Nothing is more distressing than to get a collection notice after you’ve filed bankruptcy and gotten a discharge.
You’ve taken the hard step to get a fresh start, and it appears not to have worked.
Most people assume that the collector has a right to its money. Often, they assume their lawyer must have screwed up if some creditor is still trying to collect.
Unlikely on both counts.
Far more likely that the collector is wrong. The collector now in your face probably bought the debt without any clue that you had filed bankruptcy.
Welcome to the world of distressed debt, where companies who can’t collect the money they are owed sell their rights in that debt to debt buyers.

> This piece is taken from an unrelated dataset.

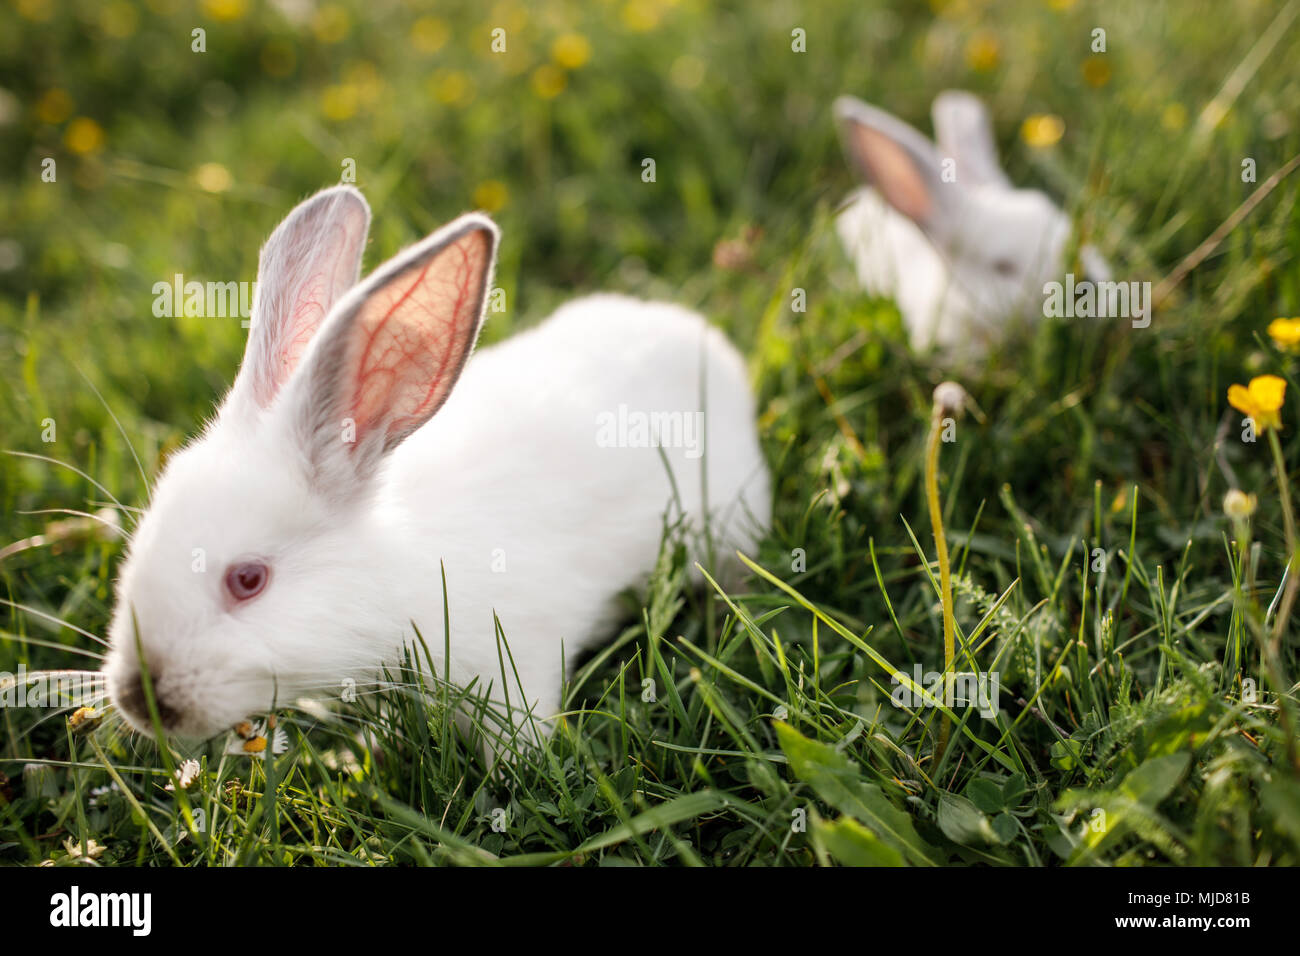 Bebé conejo blanco en fondo de hierba verde primavera Imagen De Stock
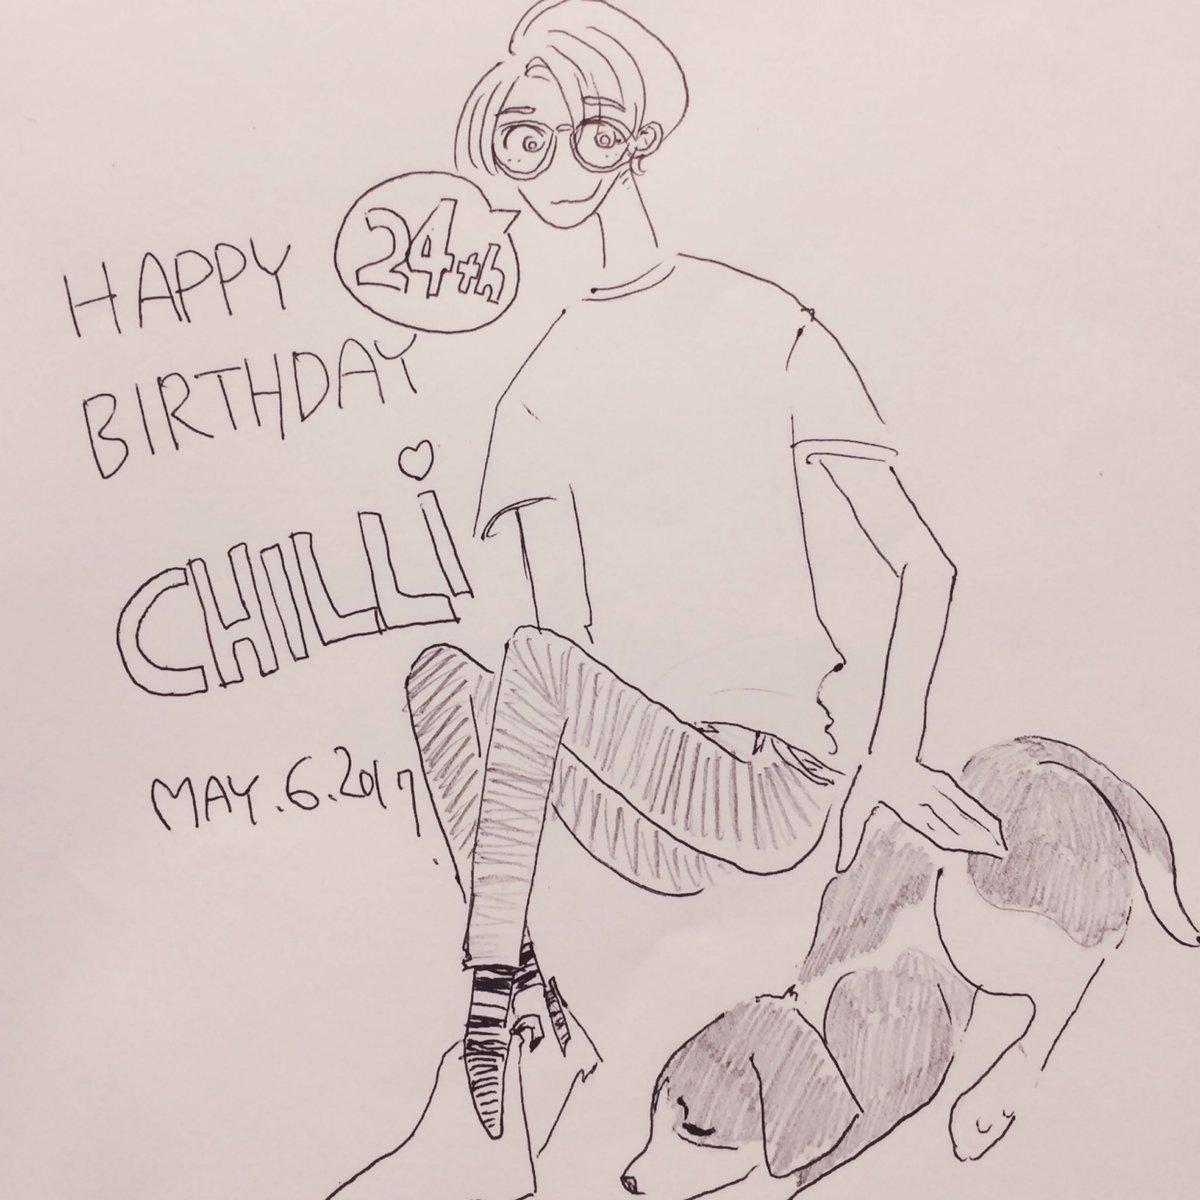 Happy Birthday Chilli (from Palma Violets)🎉🎉パーマのやんちゃな末っ子で、ライブ見て一目惚れしてからずっと好きな男の子!そろそろ活動してほしいな〜

Debt buyers pay pennies on the dollar for the debt, get little more in background on each account than a computer tape, and try to score with a few of the accounts in every batch they buy.
Defending your discharge
If this happens to you, fight back.
Your first step is to identify the creditor from whom the collector bought the debt. The name is usually found in the collection letter.
Get out your bankruptcy papers and find the schedule or mailing matrix where all your creditors were listed. Send the collector a copy of the discharge order along with a copy of the schedule showing that the creditor was included in your bankruptcy case. Point out that the outfit that sold them your debt was listed in your bankruptcy.
Send your response to the collector by a method that gets you proof that the collector received it. That’s either USPS, return receipt requested, or overnight delivery.
Keep a copy of your letter and the enclosed bankruptcy papers.
In most instances, that stops the collection. Often the collector had no idea that you had filed bankruptcy.
When debt buyer won’t stop
If a collector continues to try to collect a discharged debt, you can call in the cavalry. Or rather, the bankruptcy judge.
After all, it’s the discharge order of the court that the collector is disrespecting.
Most judges don’t take kindly to being blown off. And they appreciate it that you’ve tried to solve the problem yourself, with information.
So, you need to file a motion for sanctions against the collector for its violation of federal law.
Your bankruptcy lawyer can help you do this. Or, another bankruptcy lawyer can take on the case.
Your action is filed in the court where your bankruptcy case was filed.
Once you’ve proved up your case, you are entitled to damages, including the attorneys fees required to get back into court for relief.
Setting up your case for damages
Make notes about your contacts with the offending debt collector. Keep track of any money you have to spend to fix the problem. The better record you have of the damage done by the collector, the more likely you are to be made whole in bankruptcy court.
Check your credit report to see if the discharged debt is being reported on your credit report. If so, you may have additional elements of damage.
Be proactive and get the full measure of benefit from your discharge.